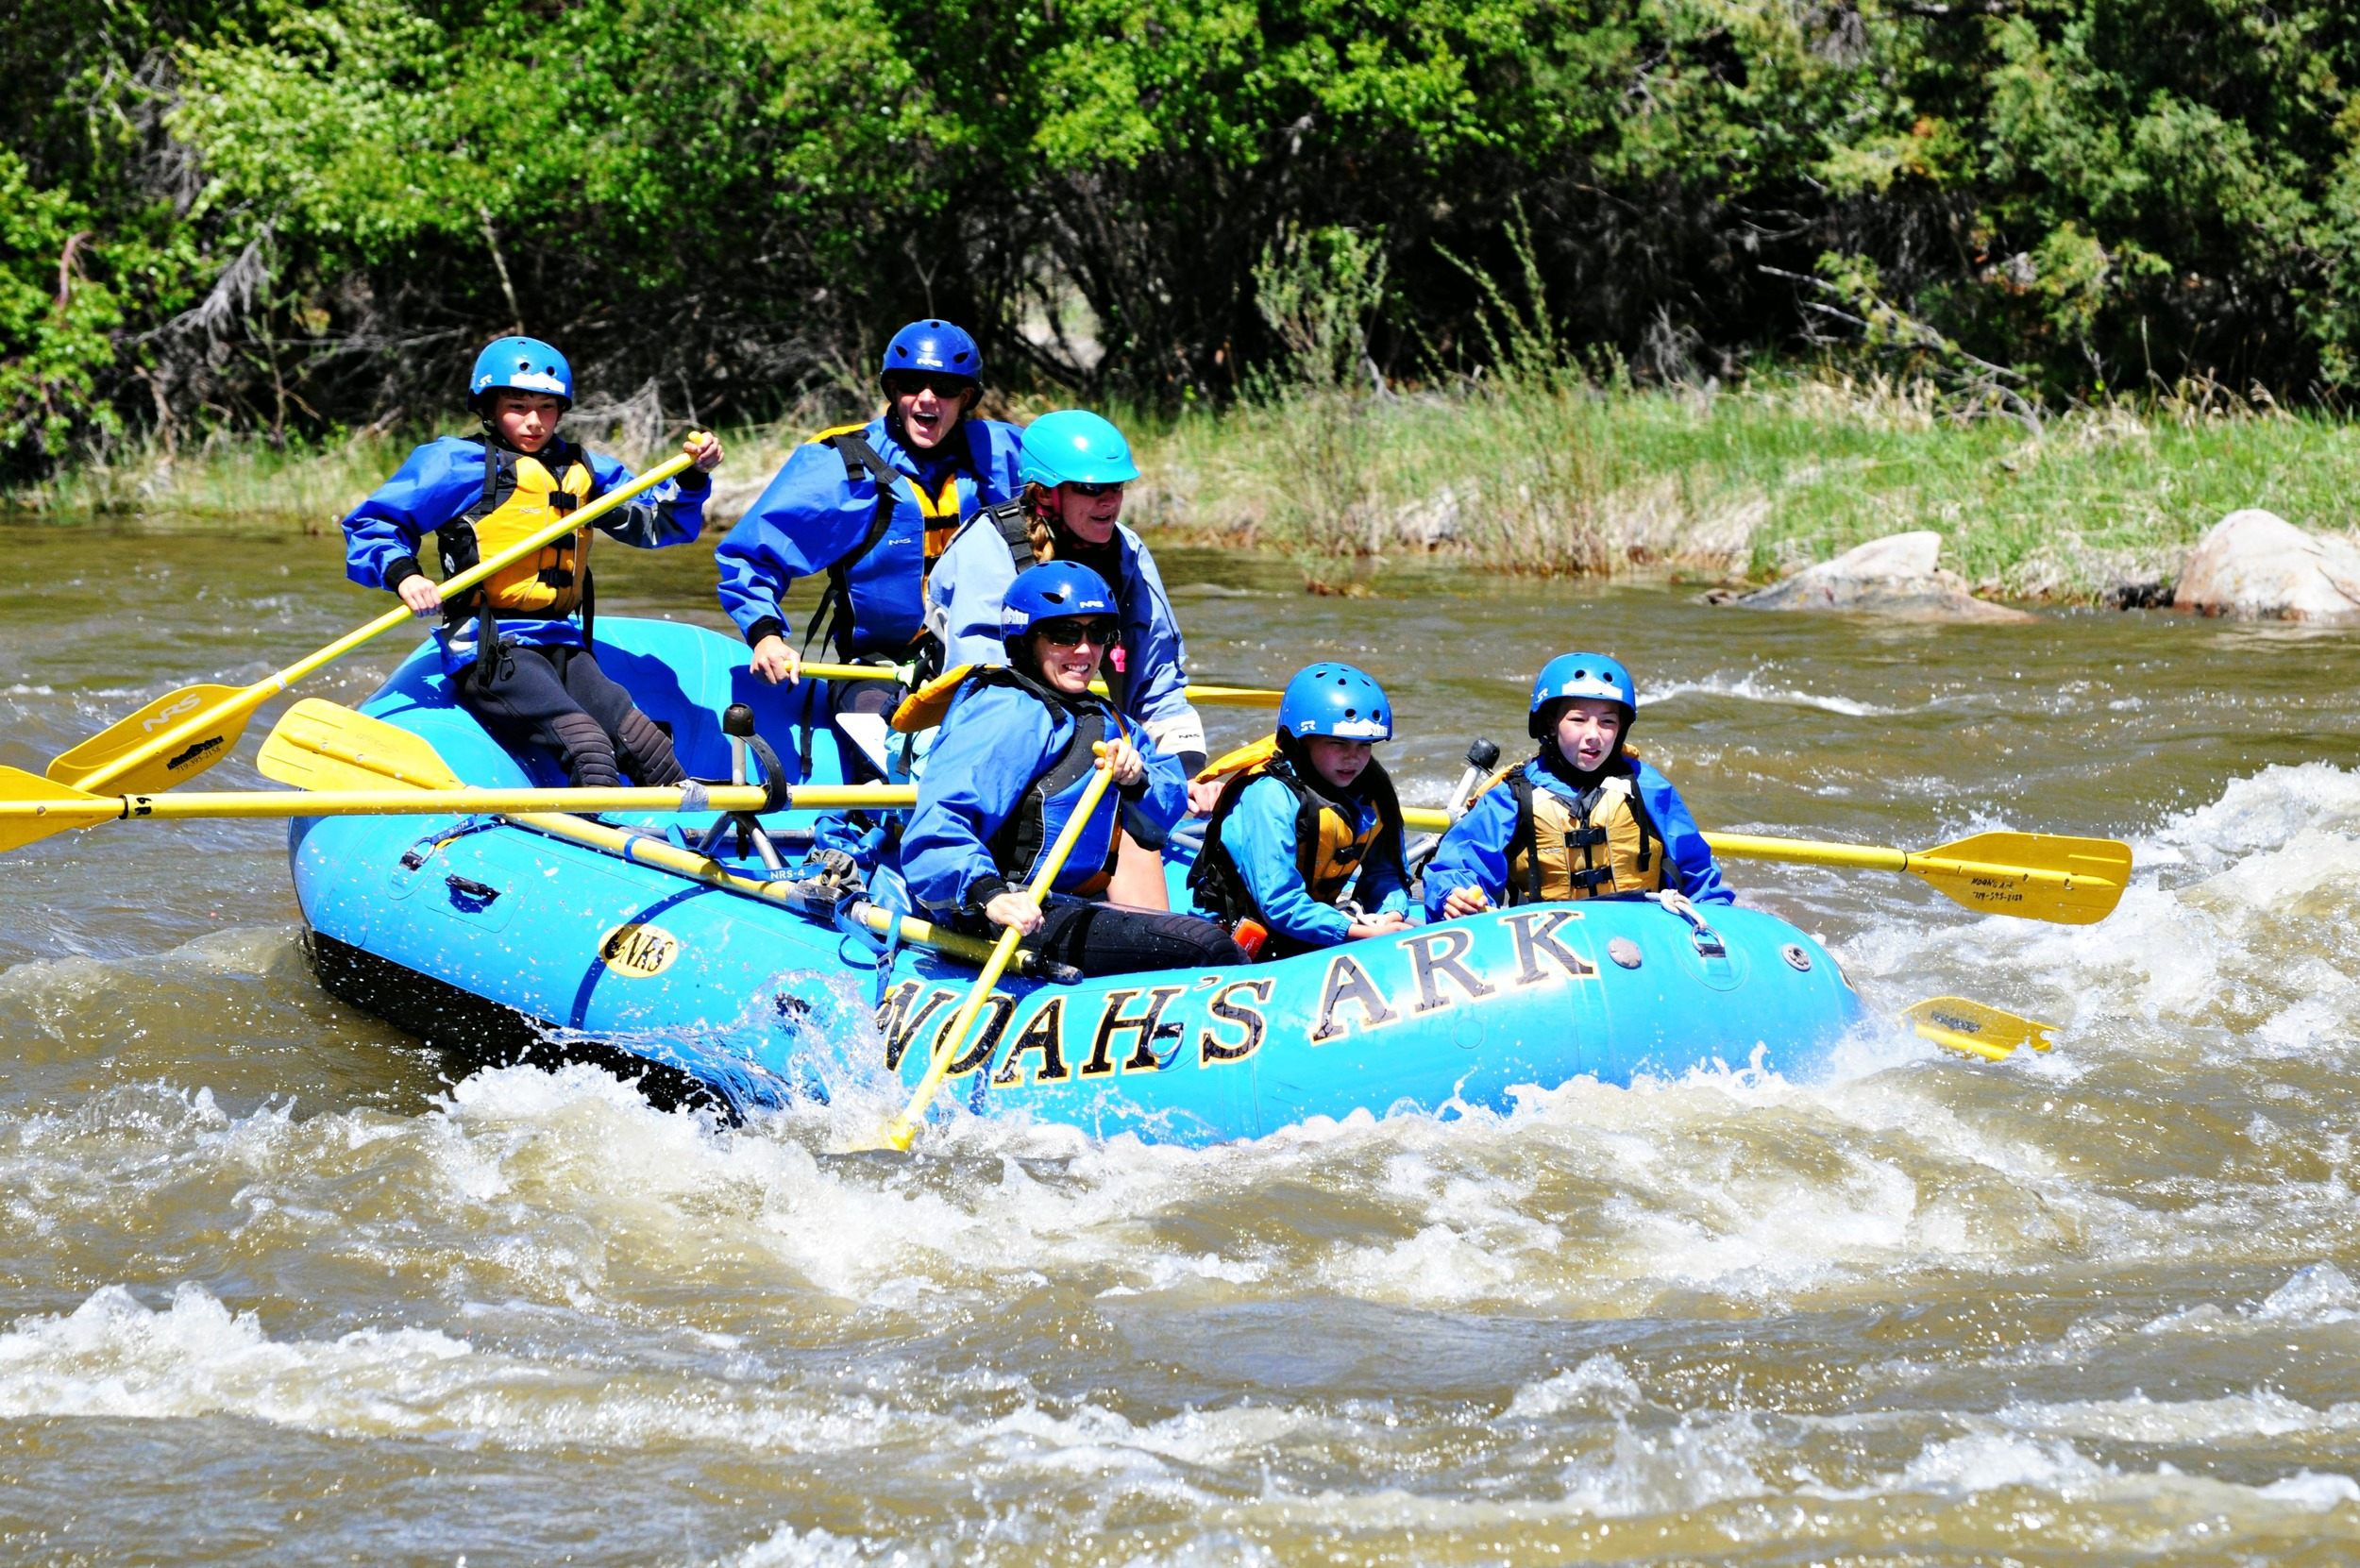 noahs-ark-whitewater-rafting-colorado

· · ·

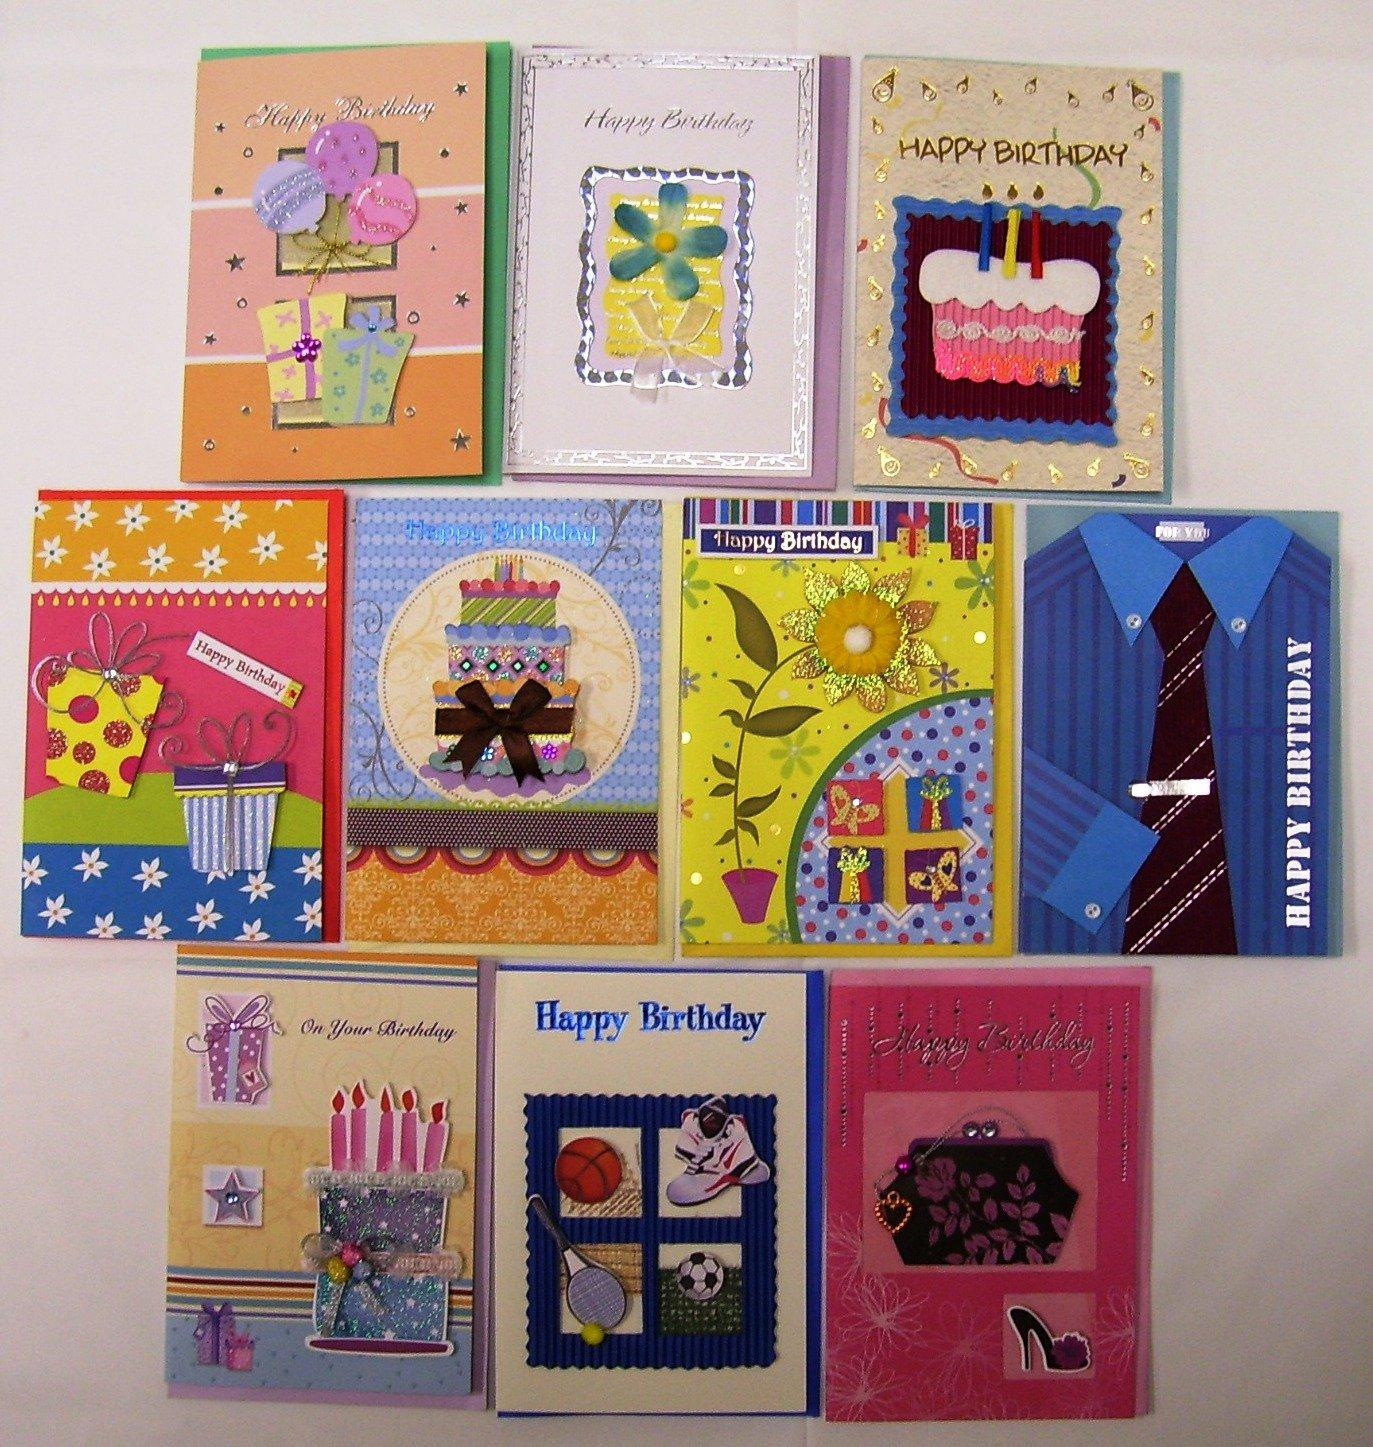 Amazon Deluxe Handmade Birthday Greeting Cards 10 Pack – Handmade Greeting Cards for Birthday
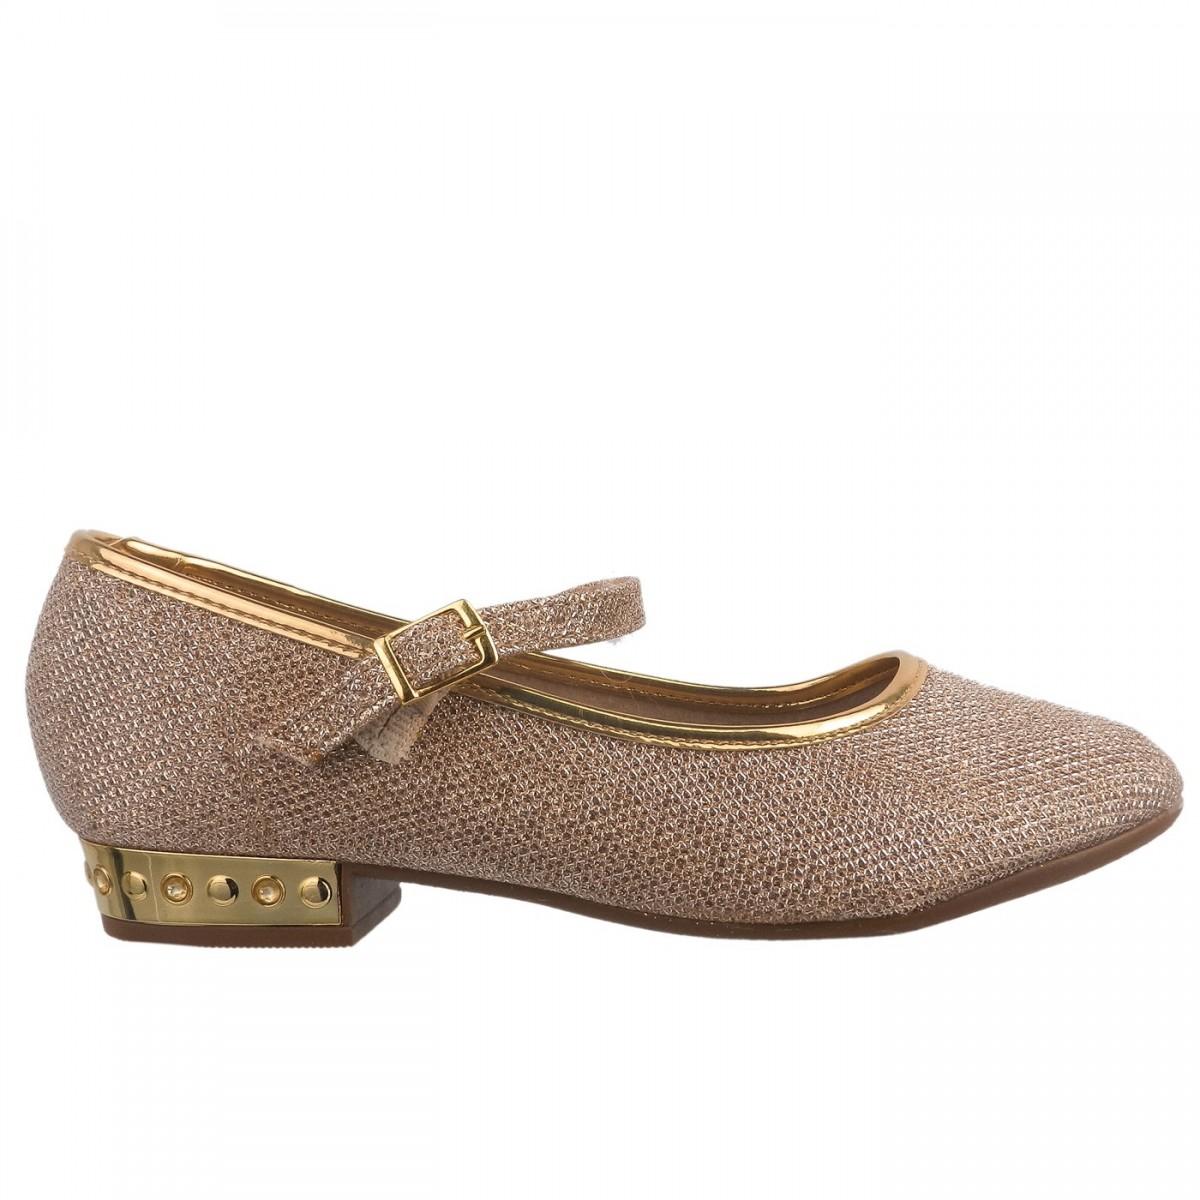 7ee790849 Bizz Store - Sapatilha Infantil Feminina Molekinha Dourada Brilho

· · ·

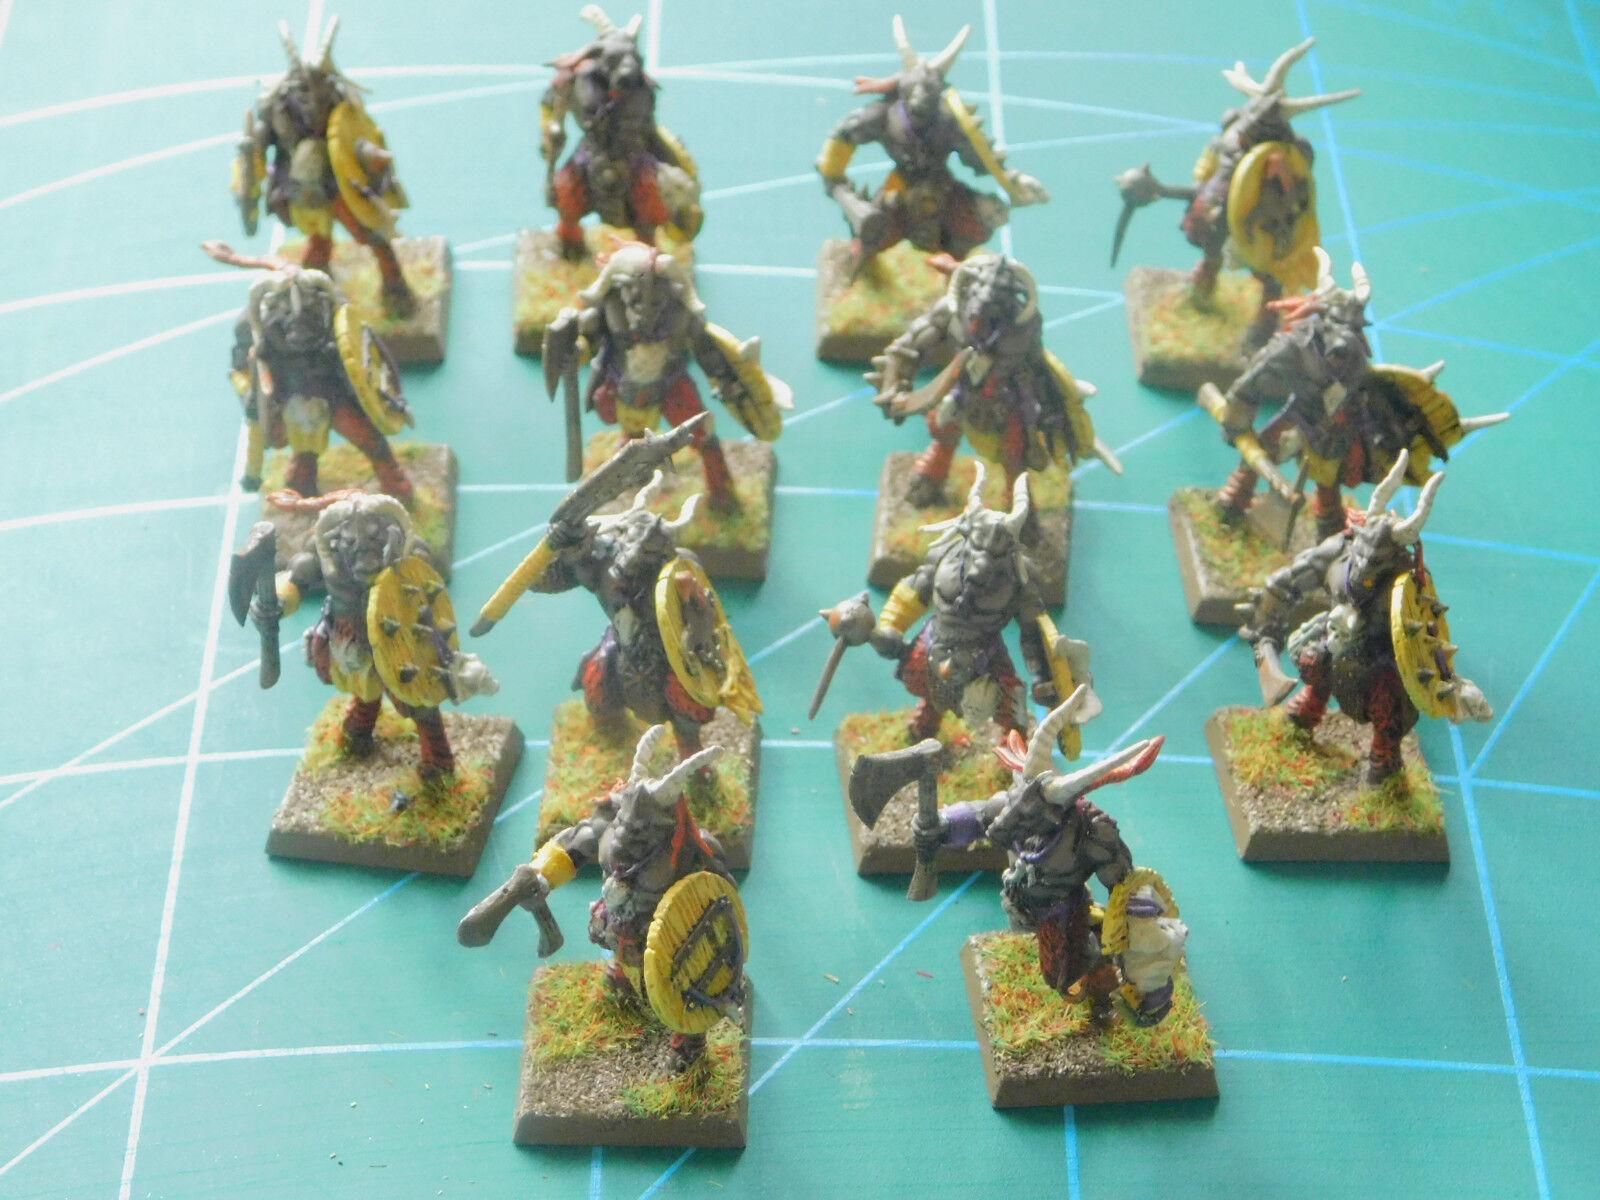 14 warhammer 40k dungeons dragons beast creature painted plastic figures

· · ·

- [Task to complete]: Would you copy, word for word, only the lines above from the one containing "Amazon Deluxe Handmade" through the one containing "7ee790849 Bizz Store", both included, and please leave out the pictures?

- [Solution below]:
 Amazon Deluxe Handmade Birthday Greeting Cards 10 Pack – Handmade Greeting Cards for Birthday
 7ee790849 Bizz Store - Sapatilha Infantil Feminina Molekinha Dourada Brilho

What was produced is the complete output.